Unstructured Data Ingestion
The C3 Generative AI Application supports ingestion of unstructured data from documents, text files, and images. The application uses this data to answer user questions.
The application supports a wide range of unstructured content such as product manuals, scanned documents, meeting notes, and chat logs, in various file formats:
.c3doc.md.c3doc.md.ipynb.pdf.c3typ.doc.docx.html.pptx.txt.rtf.png.jpeg
See the Genai.SourceFileTypes Type for supported formats and extension options.
You can add unstructured data in two ways:
The application chunks and indexes documents automatically after upload.
Upload documents from local machine
You can upload unstructured files directly into the application for immediate indexing.
Open the documents tab
- In the C3 Generative AI Application, select the Data icon.
- Select the Documents tab.
- Select Upload, then choose Upload files manually.

Upload your files
Select the files from your local machine.
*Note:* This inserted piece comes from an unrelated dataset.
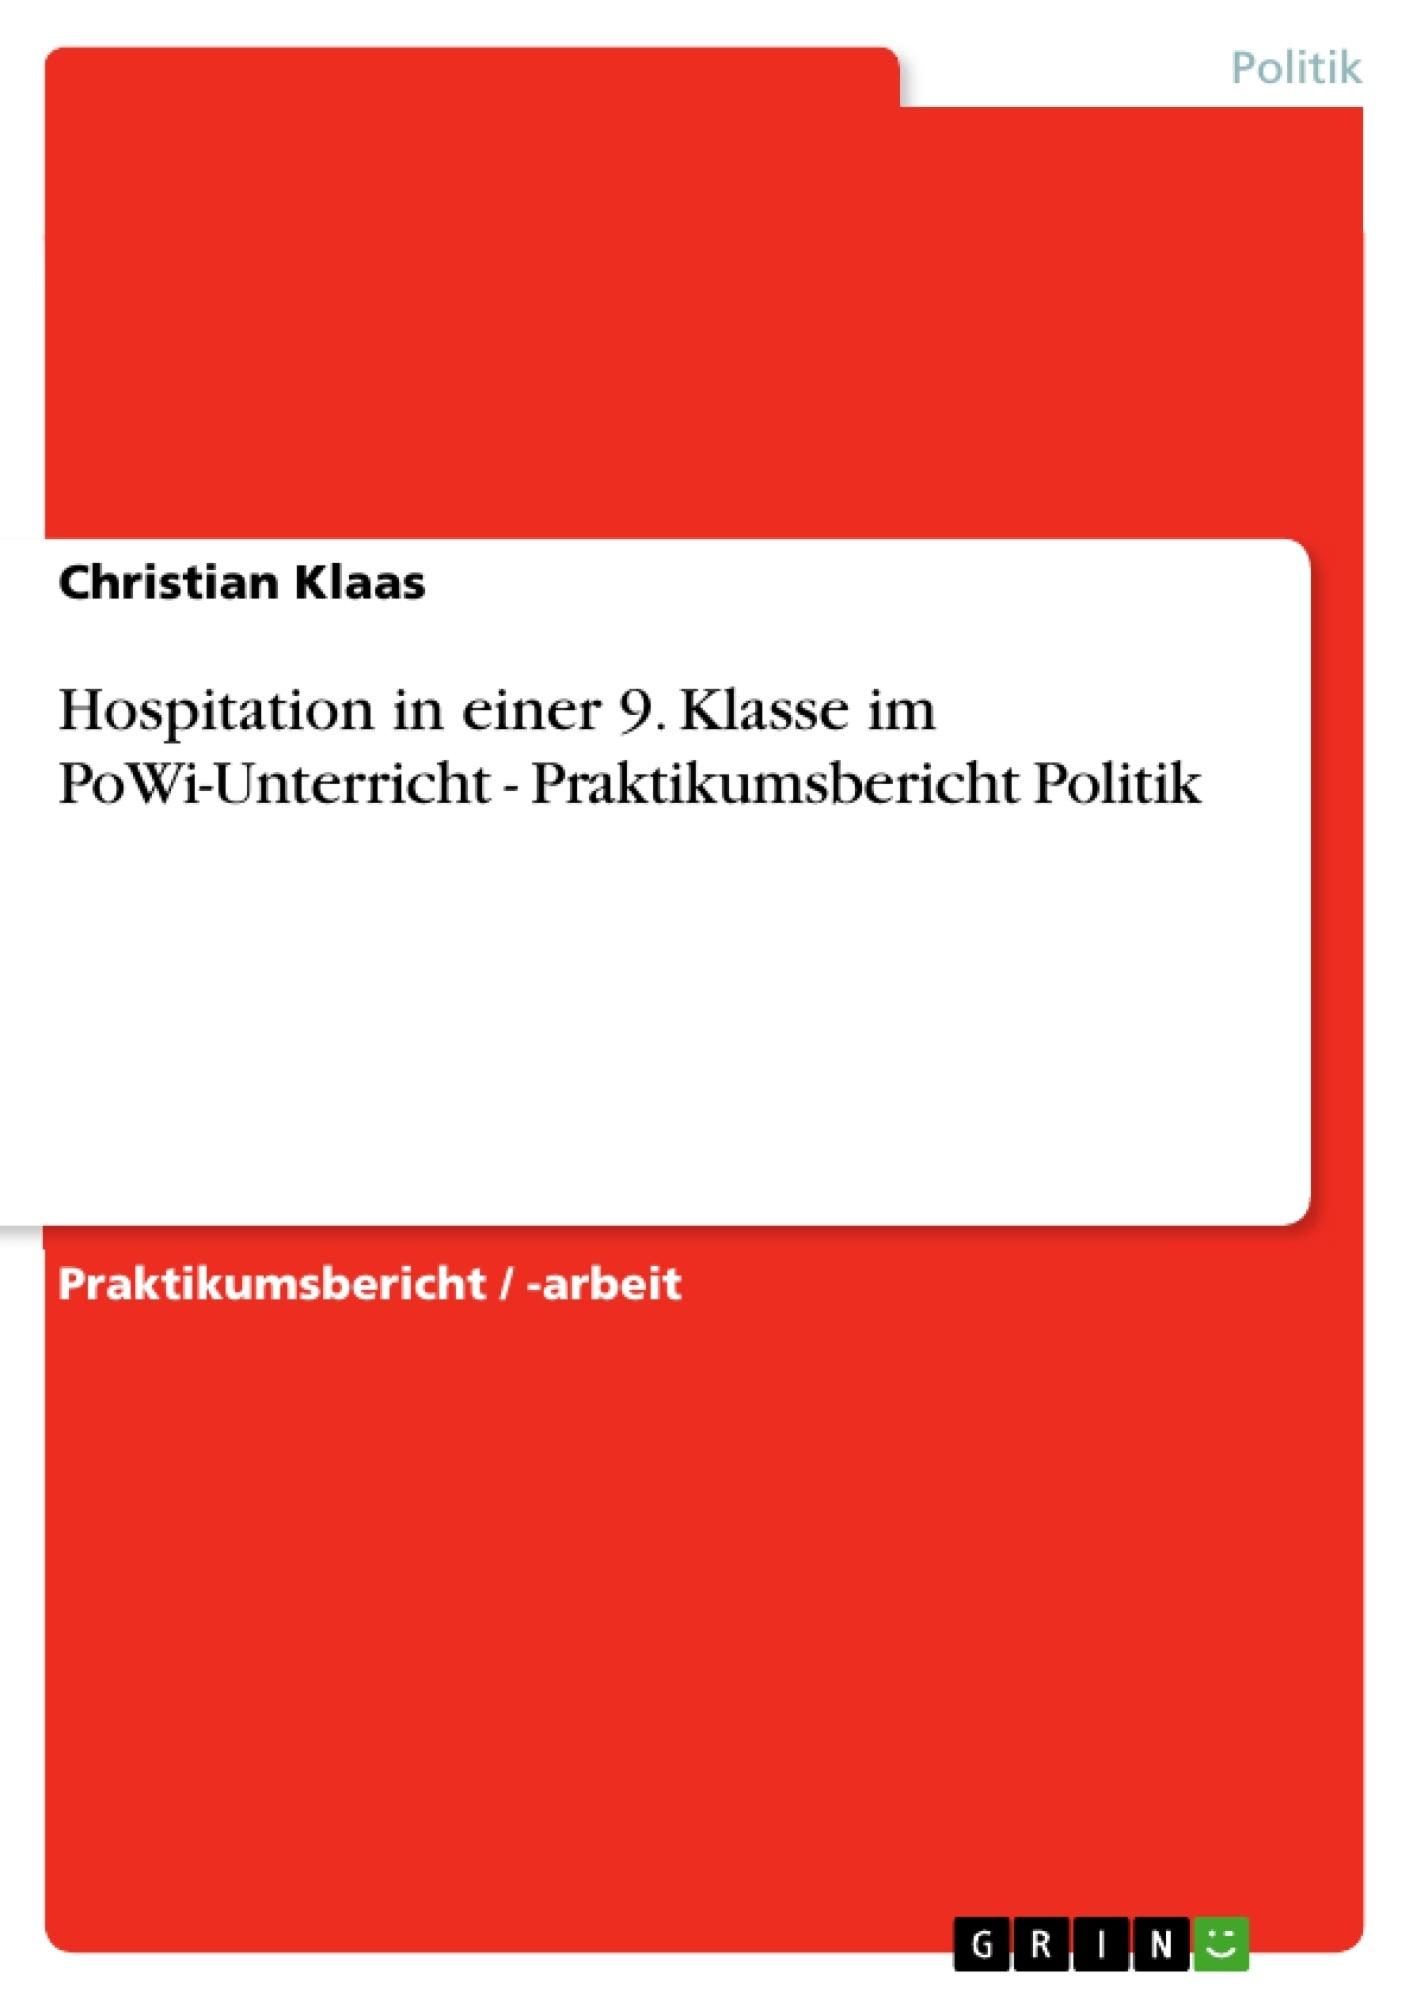 Titel: Hospitation in einer 9. Klasse im PoWi-Unterricht - Praktikumsbericht Politik
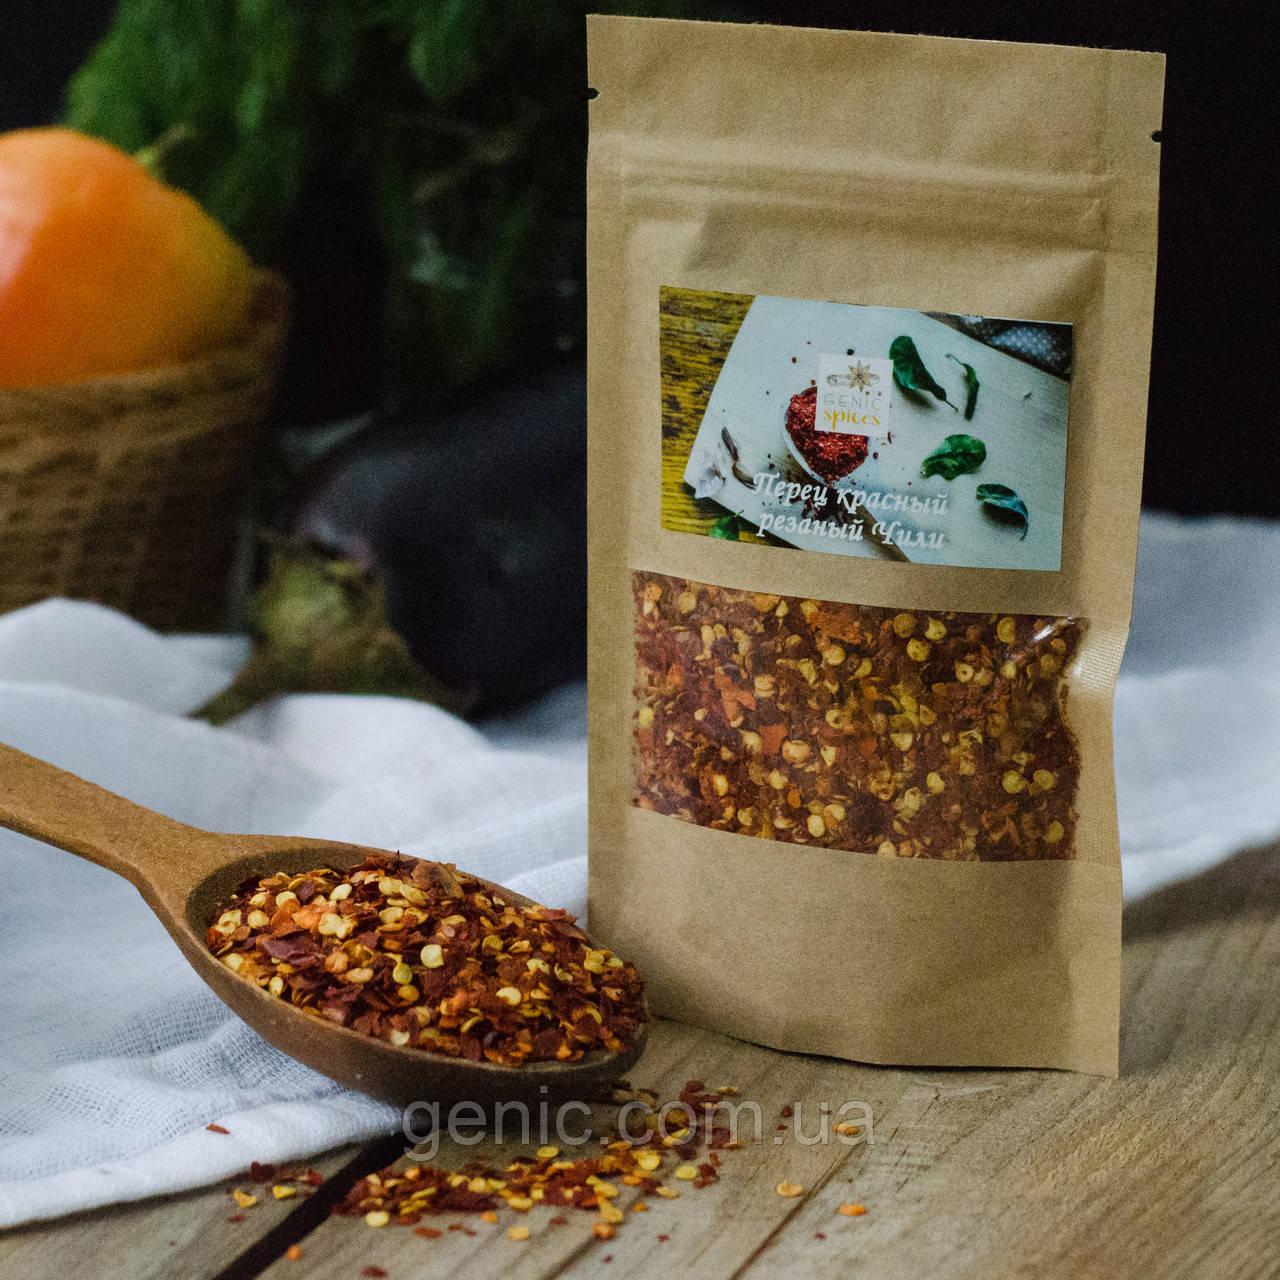 Перец Красный резаный (Чили) 50 грамм

Example files include:
product_manual.pdf.compliance_policy.docx.customer_notes.txt.support_chat_transcript.txt.setup_guide.pdf.
Review upload settings
Before you confirm the upload:
- Leave Automatically update search index enabled to ensure the application immediately chunks, embeds, and indexes your documents.
- Use the default Directory unless you created a custom data source.
If you don't enable automatic indexing, you can manually start the indexing process by selecting the uploaded files and selecting Add to index.
Select Upload to start processing.

Monitor chunking and indexing
Each uploaded document corresponds to a Genai.SourceFile instance within a Genai.SourceCollection. This object tracks the file's ingestion status, including Chunked, Indexed, and Needs Reindexing states.
To delete a document, select the file and then select the Trash icon. This action removes the document from the index and prevents future syncing or reindexing.
After you complete the upload:
- The application chunks the documents into smaller passages.
- It then indexes these passages into the vector store.
- The application marks documents as Indexed when it finishes processing them.
If a document is modified after it's indexed, it enters a Needs Reindexing state. You must reindex the document to update the vector store.
Processing time varies based on file size and compute resources.
You can track progress in the Documents tab.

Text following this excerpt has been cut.